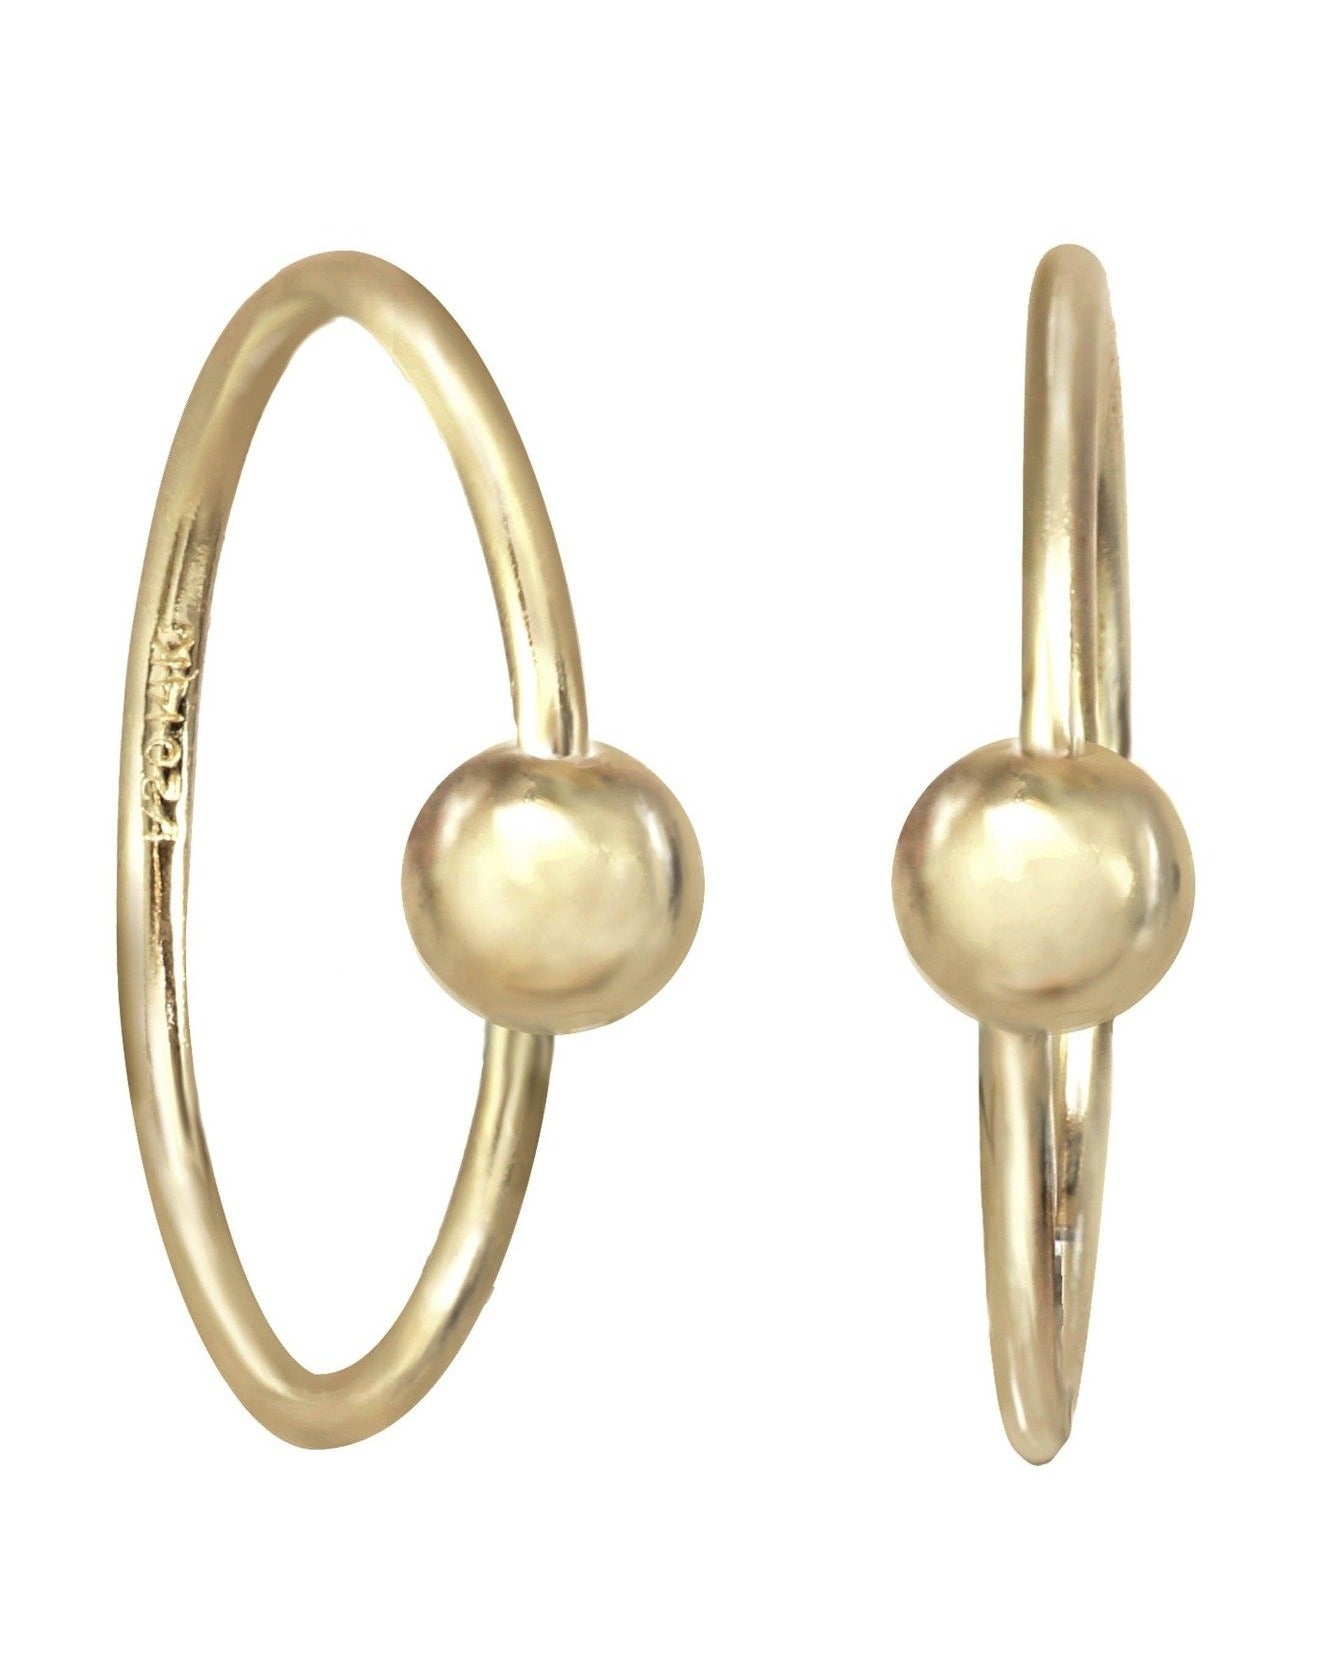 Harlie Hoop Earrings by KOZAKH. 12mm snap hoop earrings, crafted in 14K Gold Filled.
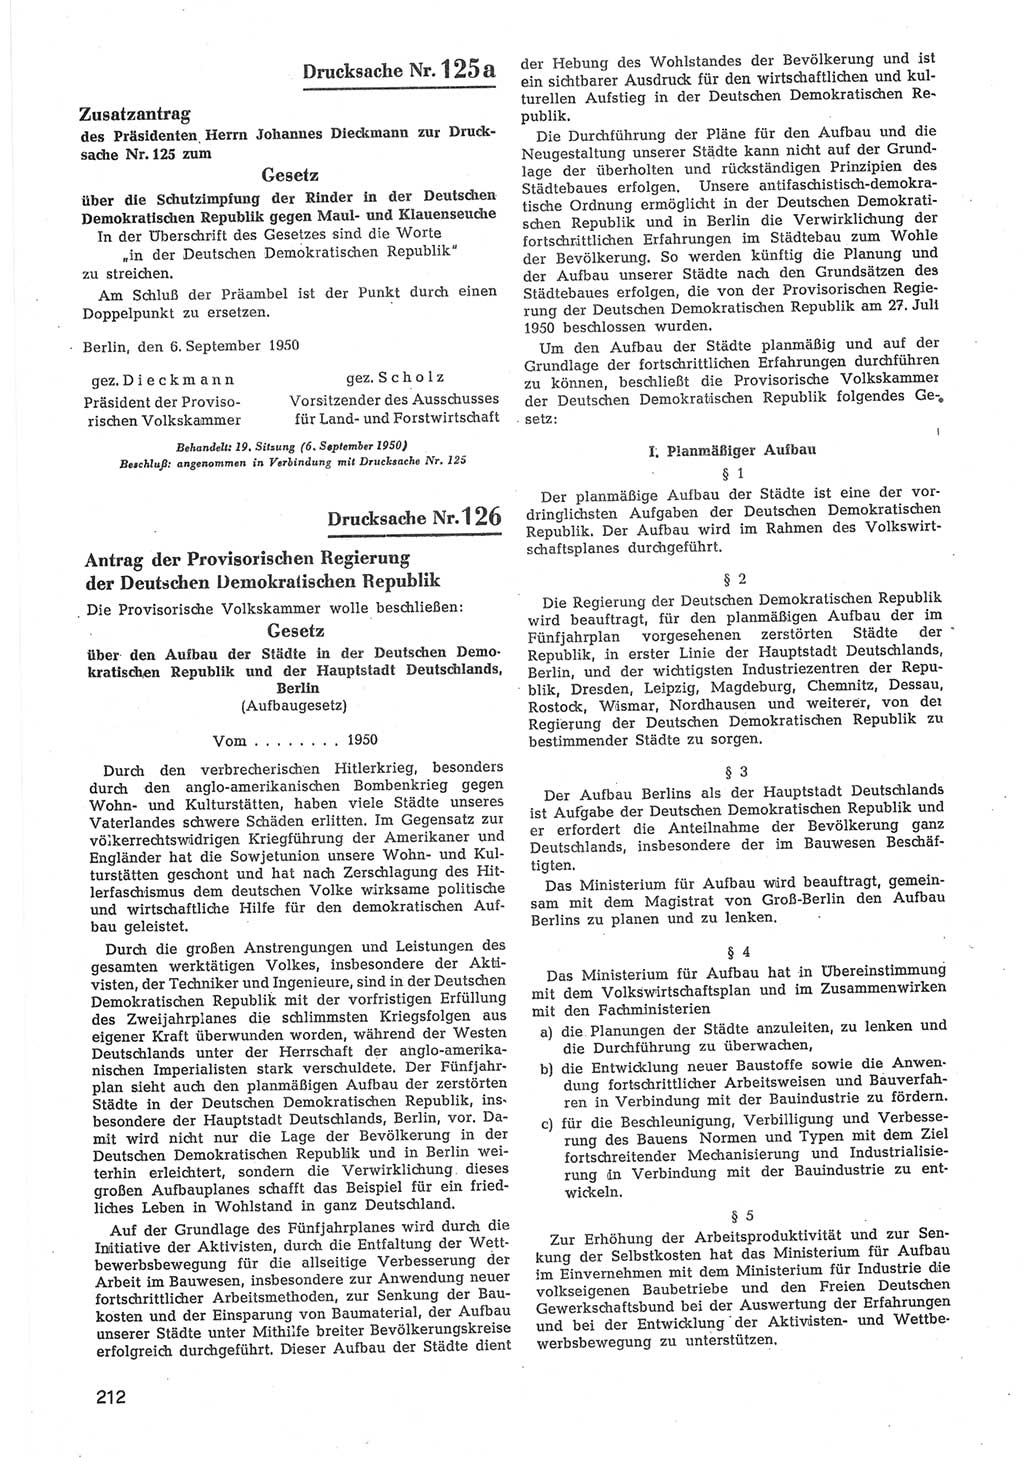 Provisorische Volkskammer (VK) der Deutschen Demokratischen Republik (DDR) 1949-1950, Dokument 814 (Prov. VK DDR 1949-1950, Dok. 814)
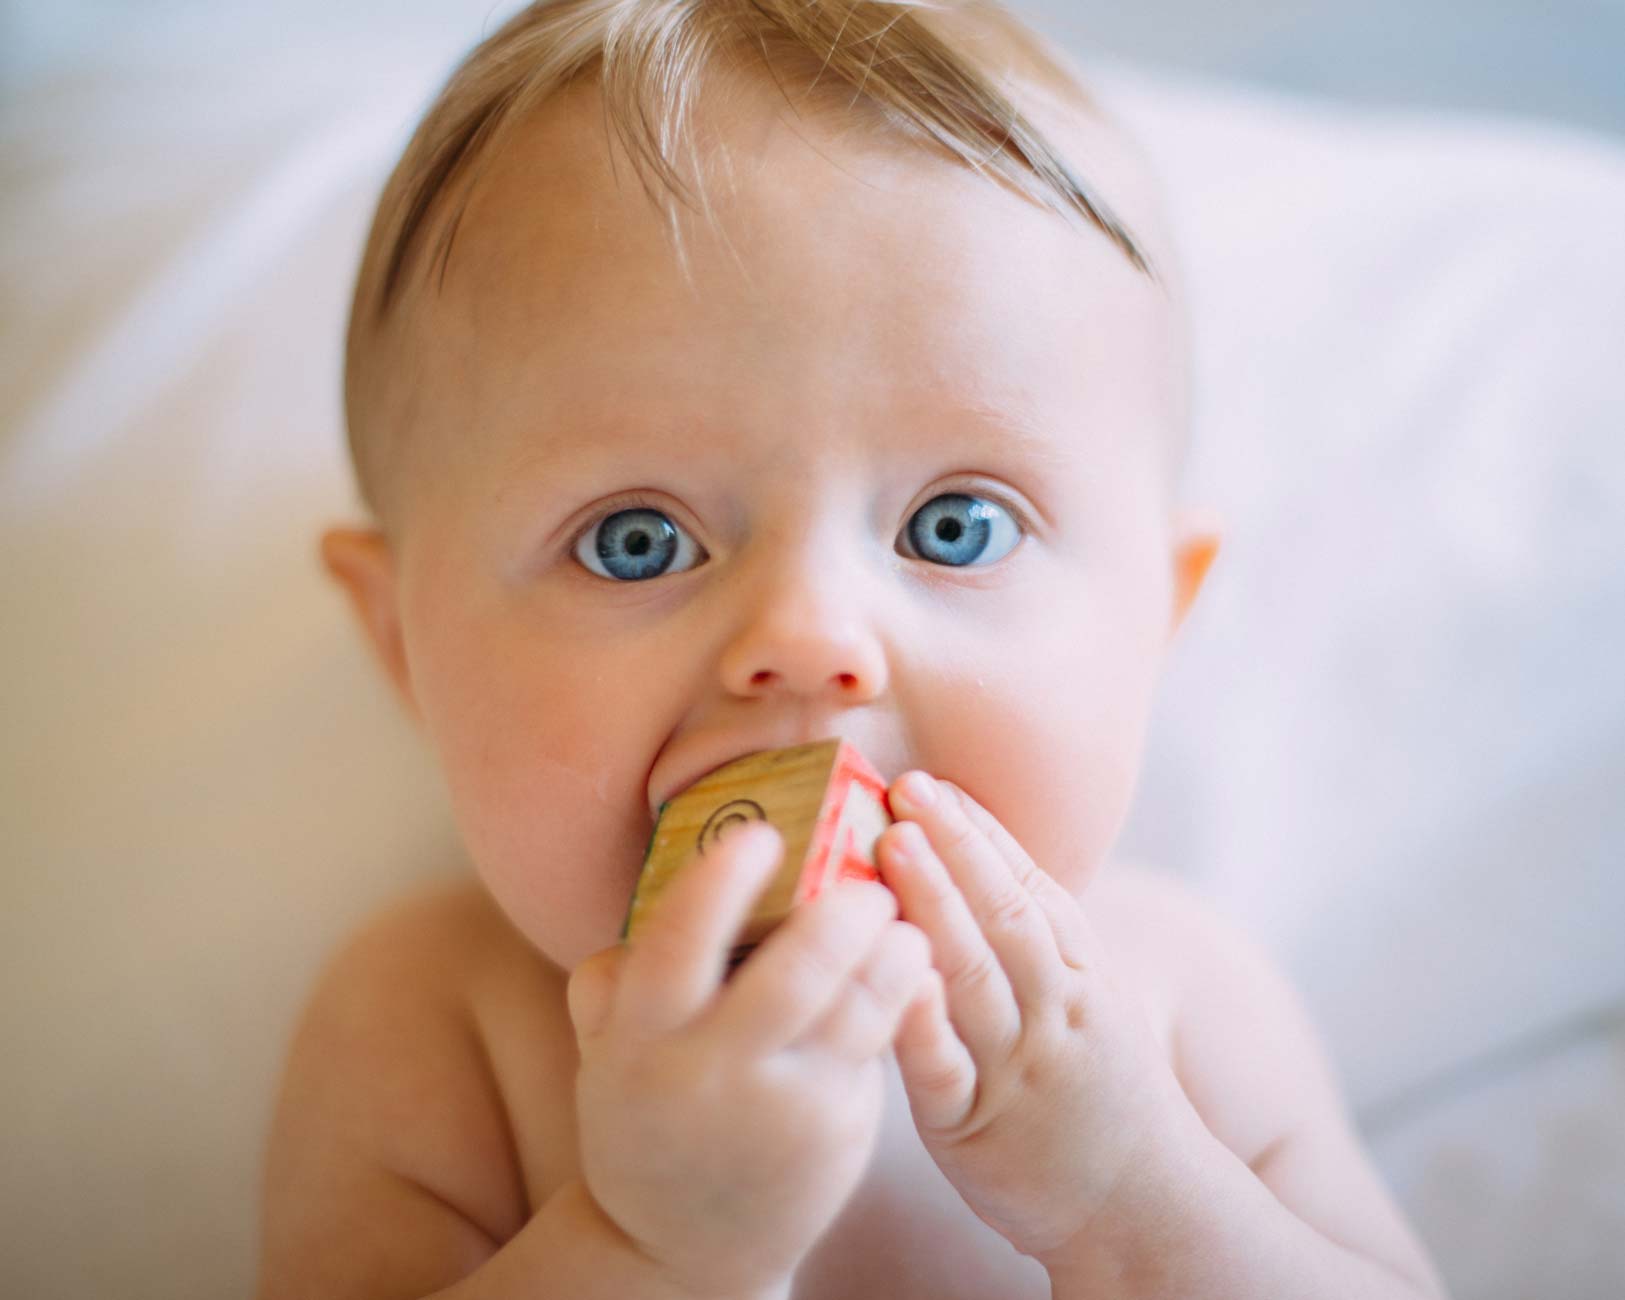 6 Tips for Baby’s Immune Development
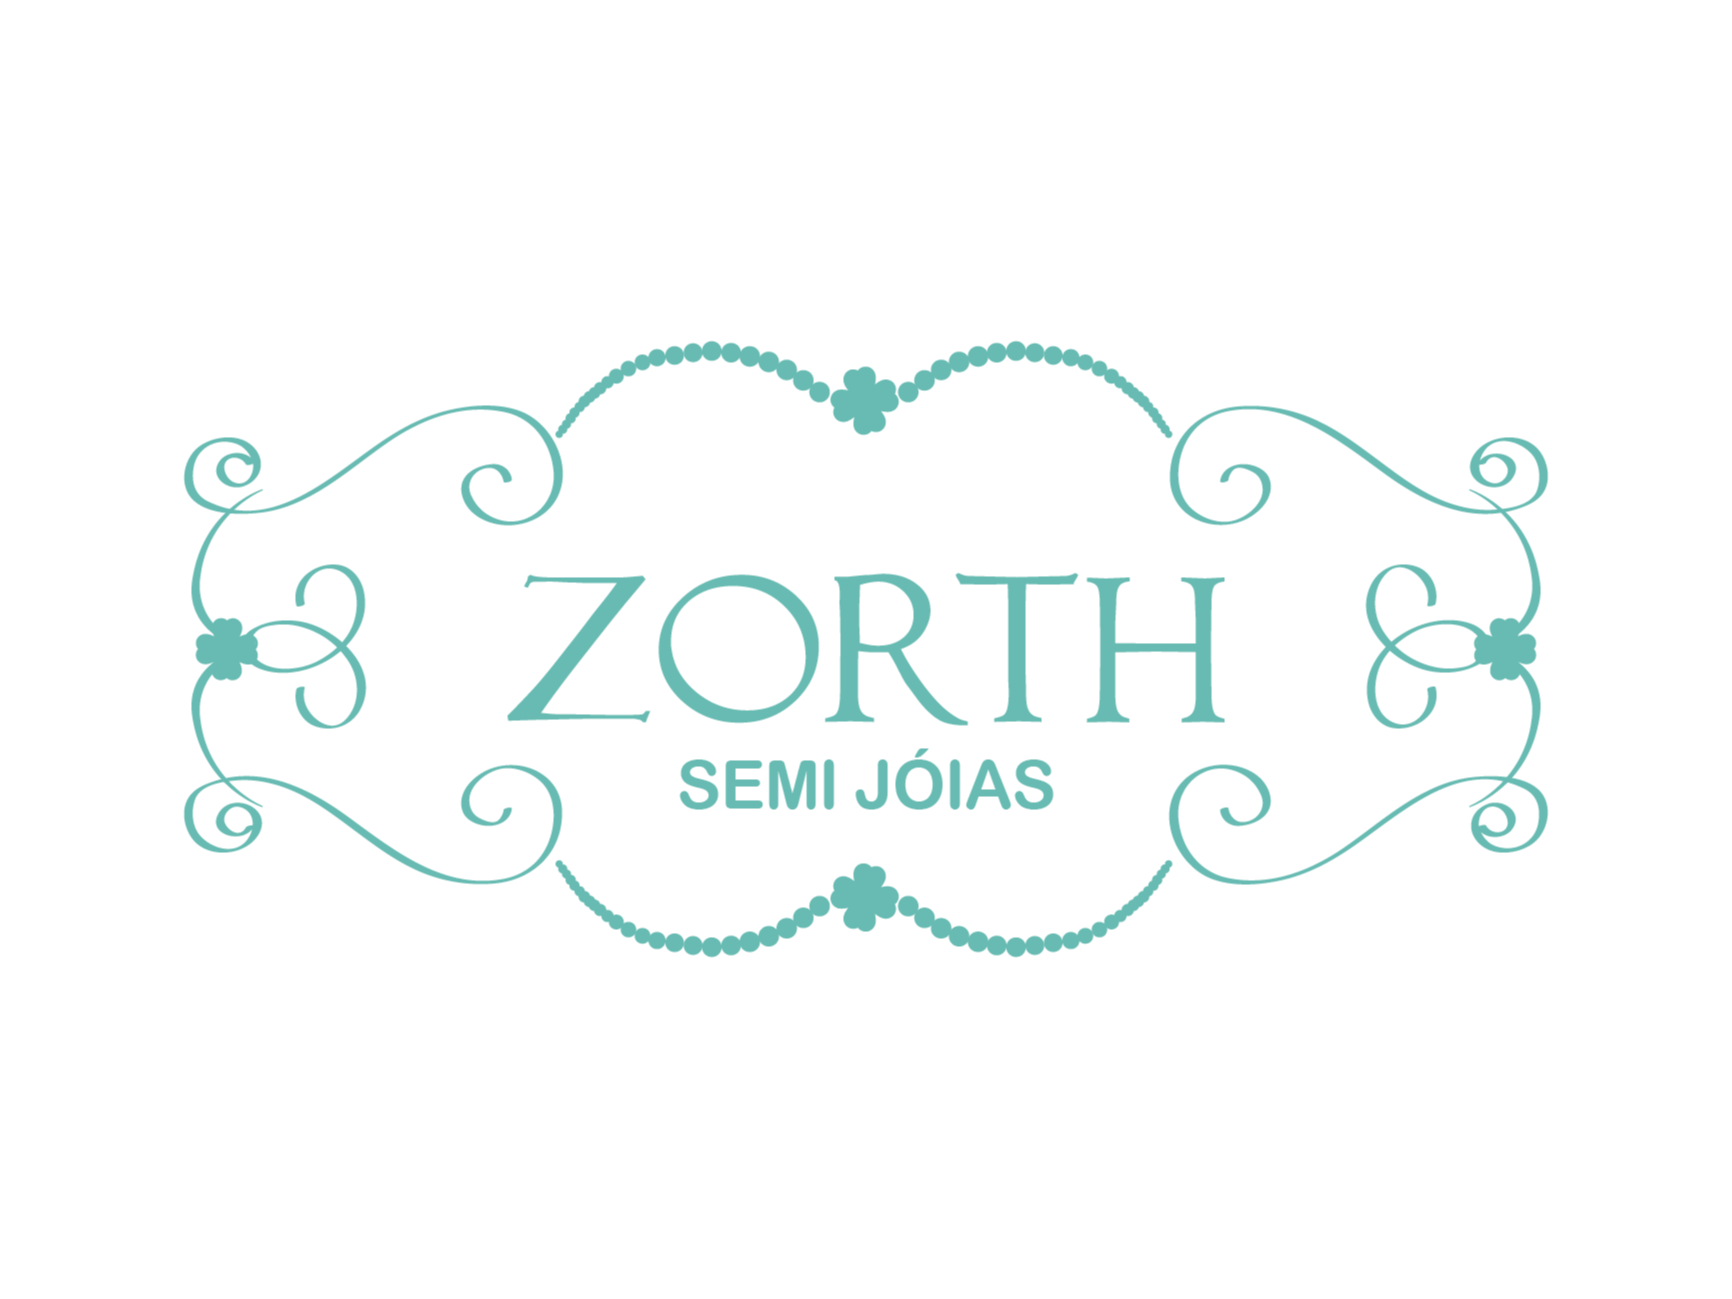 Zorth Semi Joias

▶ [Exercise brief] Transcribe all of the listing precisely. The images stay out of it.

▶ [Answer to the problem]
 Harlie Hoop Earrings by KOZAKH. 12mm snap hoop earrings, crafted in 14K Gold Filled.
 Provisorische Volkskammer (VK) der Deutschen Demokratischen Republik (DDR) 1949-1950, Dokument 814 (Prov. VK DDR 1949-1950, Dok. 814)
 6 Tips for Baby’s Immune Development
 Zorth Semi Joias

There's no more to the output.